A lot of people don't want to take the responsibility. A friend of mine had a call downtown -- a man on a roof twenty stories high. She stayed up there talking with this man. Can you imagine you'd feel if he said, 'No, no, you're wrong' and jumped off?

That guy who shot himself in the head last night -- I wouldn't feel comfortable trying to resuscitate him. He was warm but the chances of living were too low. If he had any other signs of life -- blood pressure, pulse, respirations -- I would have had to do something. It's hard to do heroics to bring someone back to life for a day or two. I had a man a couple of months ago who had been shot in the head and I did resuscitate him. I felt bad that he had the trauma of being slapped in an ambulance. Things like that you have to try to do - you have to try.

The whole idea of trauma centers is to take people who would die otherwise and bring them back to life. Whether their life is meaningful or not doesn't matter. We go for everybody. You're usually naked when you go in. I can't put it down, but in a way it's barbaric. I wouldn't want to go through it. If I'm that close I'd just as soon let it go."

Until recently, emergency room doctors were people who'd rather be elsewhere. Even now, a lot of emergency room doctors are moonlighting residents or specialists forced by their hospitals' rotating assignments to do occasional "trauma duty". But emergency medicine is becoming a specialty of its own, perhaps because four times as many people per capita visit emergency rooms as did twenty years ago. If someone you know is in danger of dying, call emergency services, not your family doctor, because that's what the emergency room does -- keeps people from dying.

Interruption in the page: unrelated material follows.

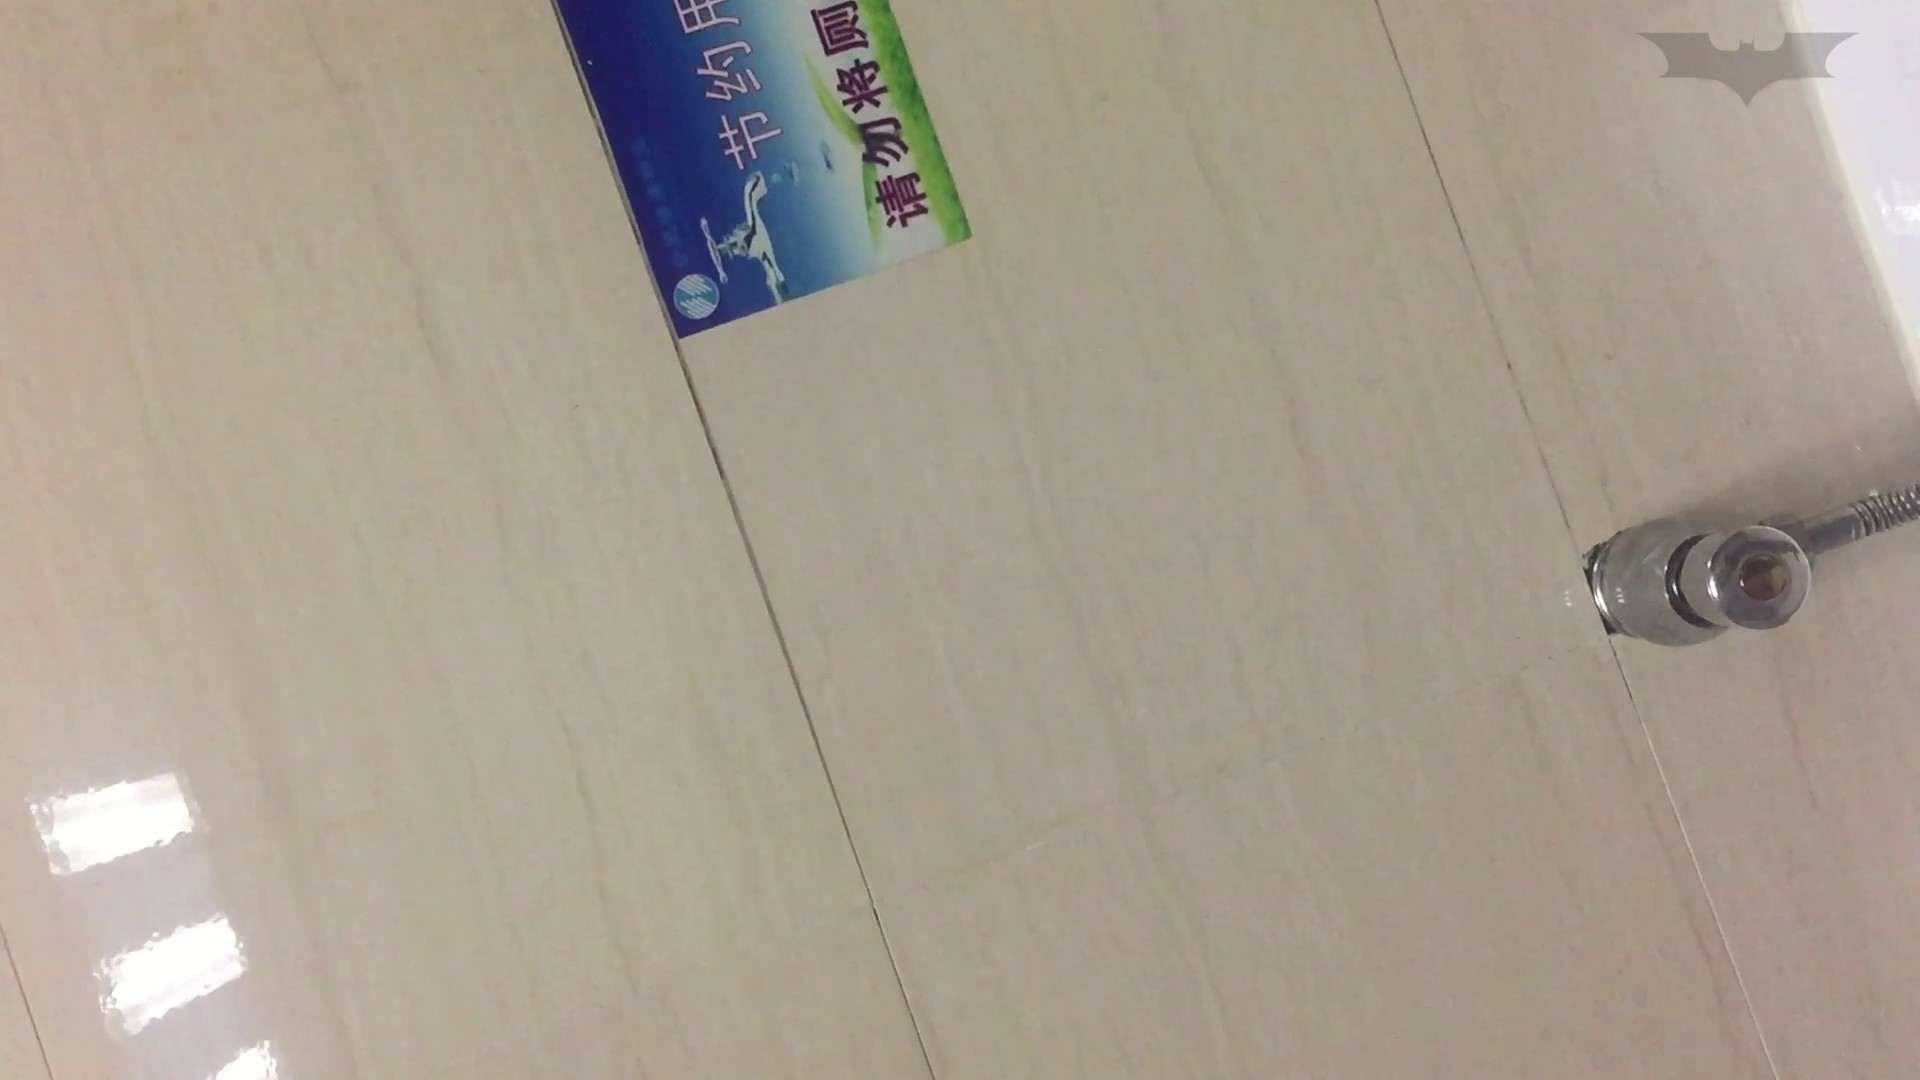 JD盗撮 美女の洗面所の秘密 Vol.72 細身女性 ぱこり動画紹介 74画像 50

The basic principle for keeping suicides from dying is to do as little as possible. Most drug overdosers are left unconscious in a place where they can heal. The more the hospital has to do, the more chance of infection or accident. Drugs, including psychiatric drugs, are avoided, because they might react with drugs the patient already took. Before the 1940s, when Swedish doctors discovered this, about 45% of the barbiturate overdose patients in emergency rooms died from attempts to wake them up with drugs. Now more than 95% of people who come into the emergency room on a drug overdose live. Many suffer no more than a day or week of discomfort in a hospital bed, like a teenager I heard about who tried to kill himself with 100 vitamin tablets. Others compound their problems with severe medical damage that may be permanent or take years to go away.

My information on the medical aftermath of suicide comes from half a dozen interviews with emergency room staff people, but two were especially helpful -- Larry Bedard, M.D., a former psychiatric resident who now manages the emergency room at Marin General Hospital, San Rafael, and Howard McKinney, Pharm. D., a pharmacologist with the San Francisco Poison Control Center, who answers telephone inquiries and consults with emergency room staff. Like other emergency room staff people I talked to about this article, both these men are among the most thoughtful, direct people I have met.

This is not an exhaustive survey; anything less than a medical textbook is bound to be sketchy, misleading in places, and oversimplified.